* Instructions for the task
Print exactly, and only, the lines from the one that has "VW Golf 6 rear logo Black" through the end of the material below, with both ends included and the pictures omitted.

* The data
· · · ·
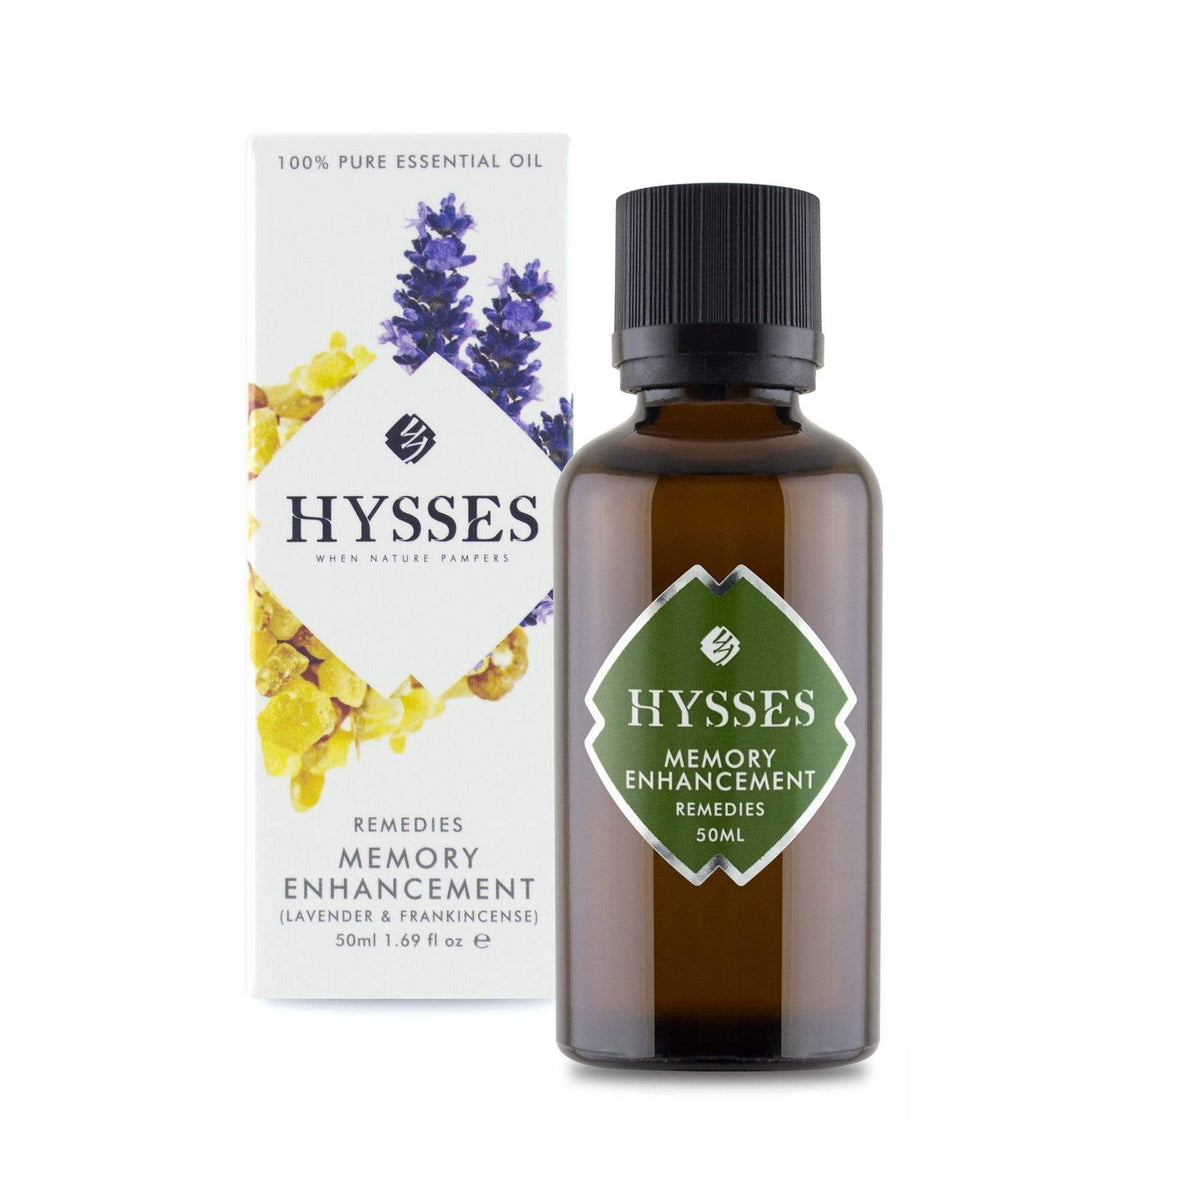 Hysses Essential Oil Remedies, Memory Enhancement
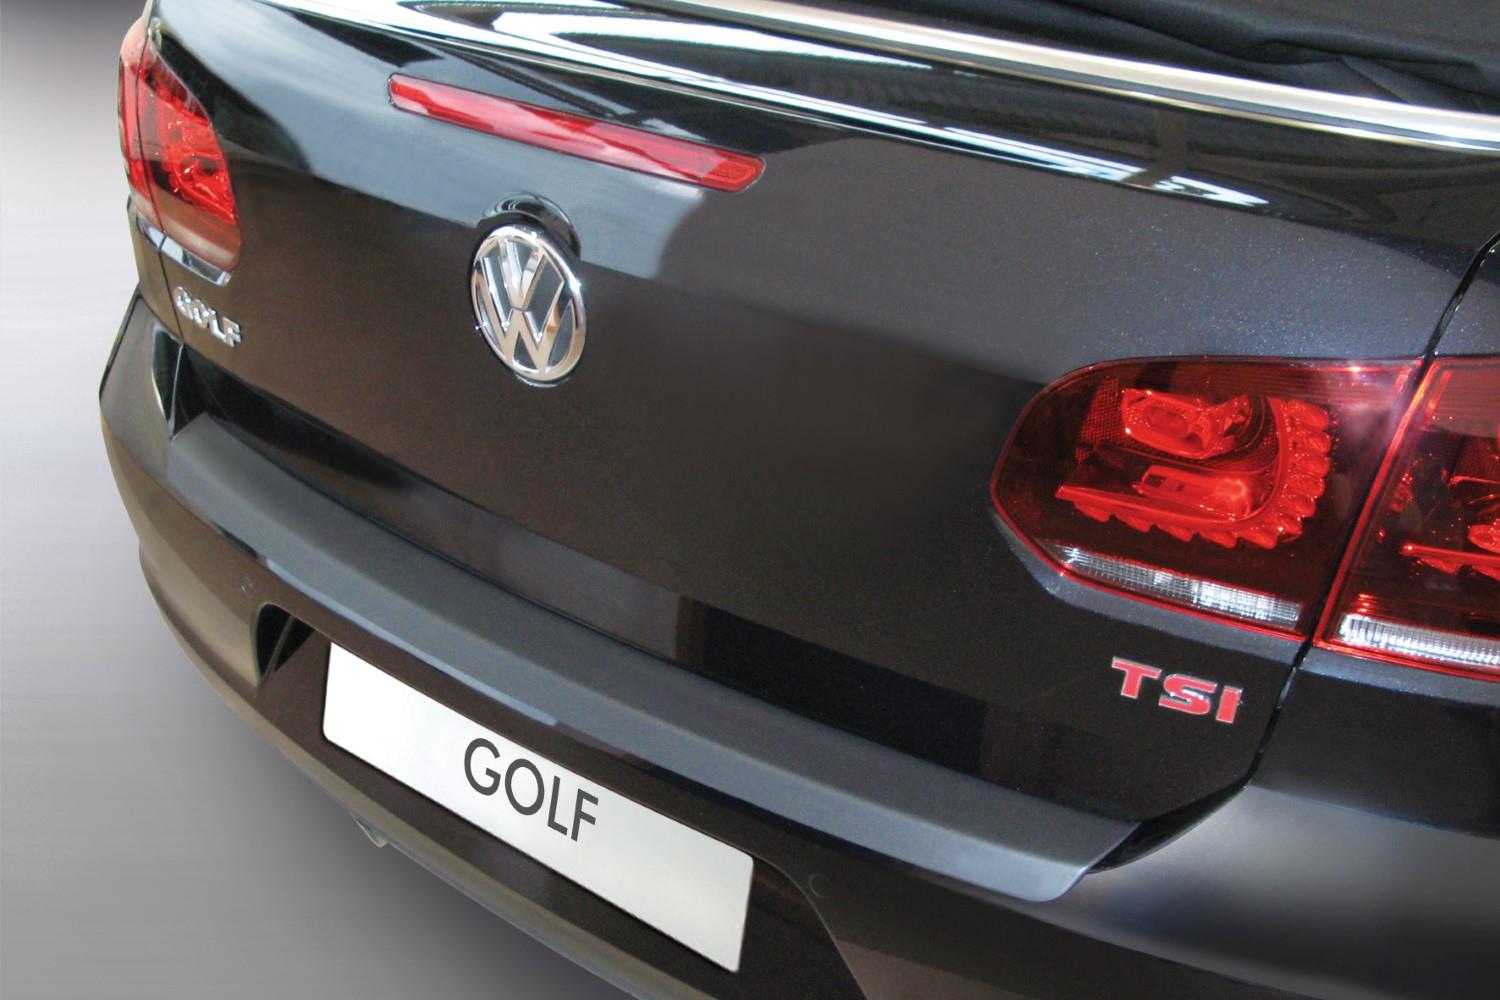 VW Golf 6 rear logo Black
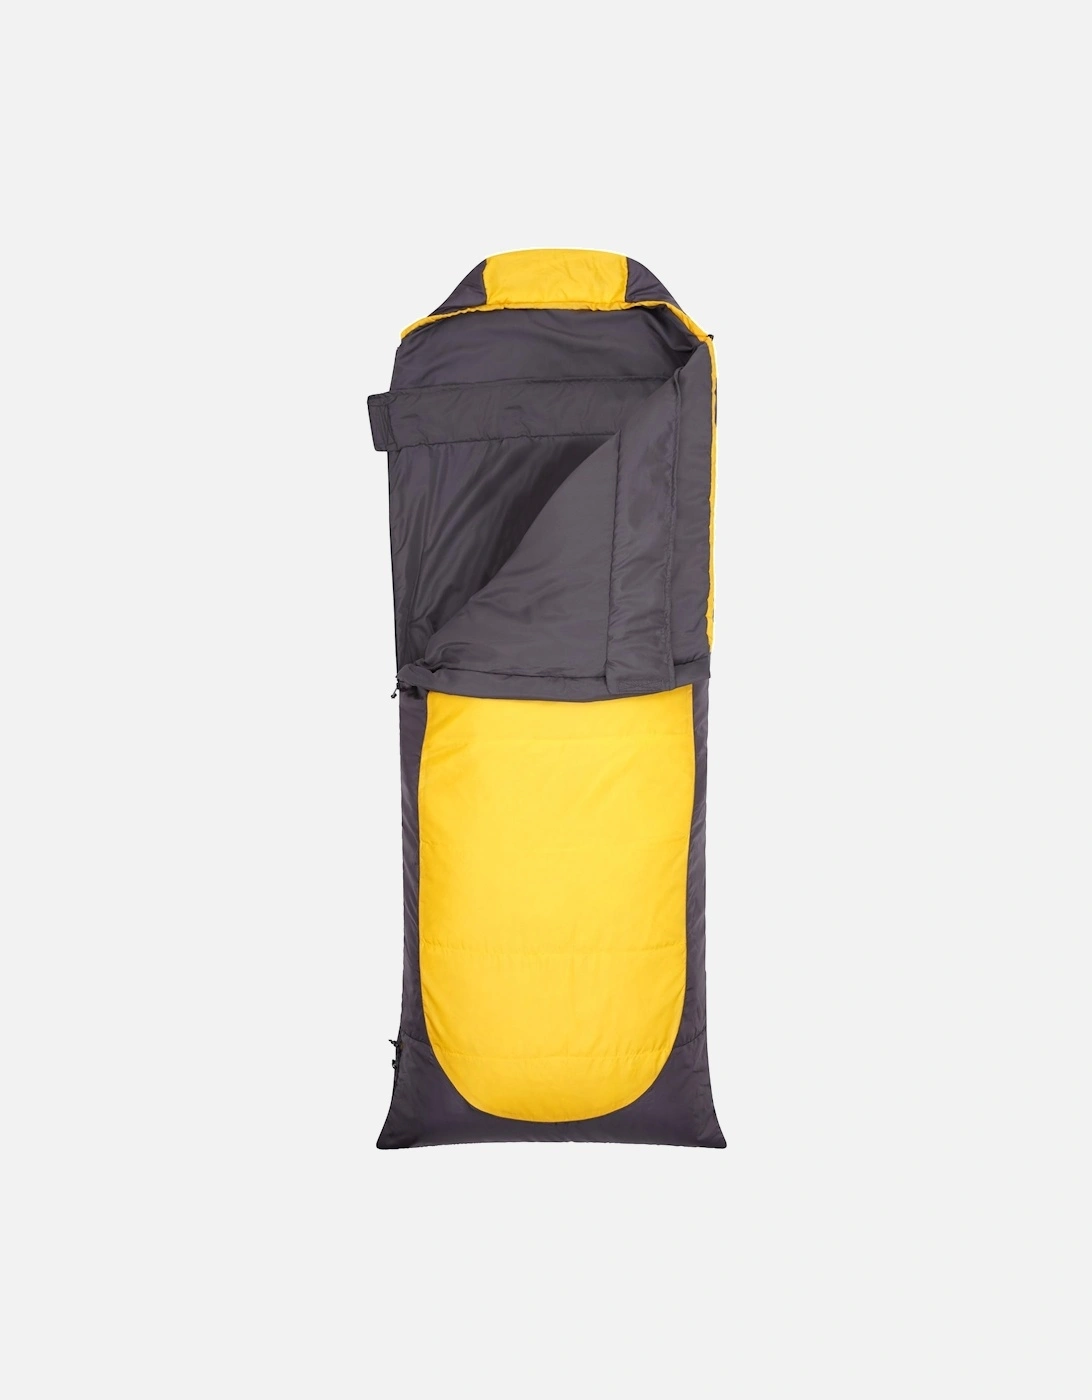 Microlite 500 Mid Season Square Right Zip Sleeping Bag
· · · ·
* Answer box
 VW Golf 6 rear logo Black
 Microlite 500 Mid Season Square Right Zip Sleeping Bag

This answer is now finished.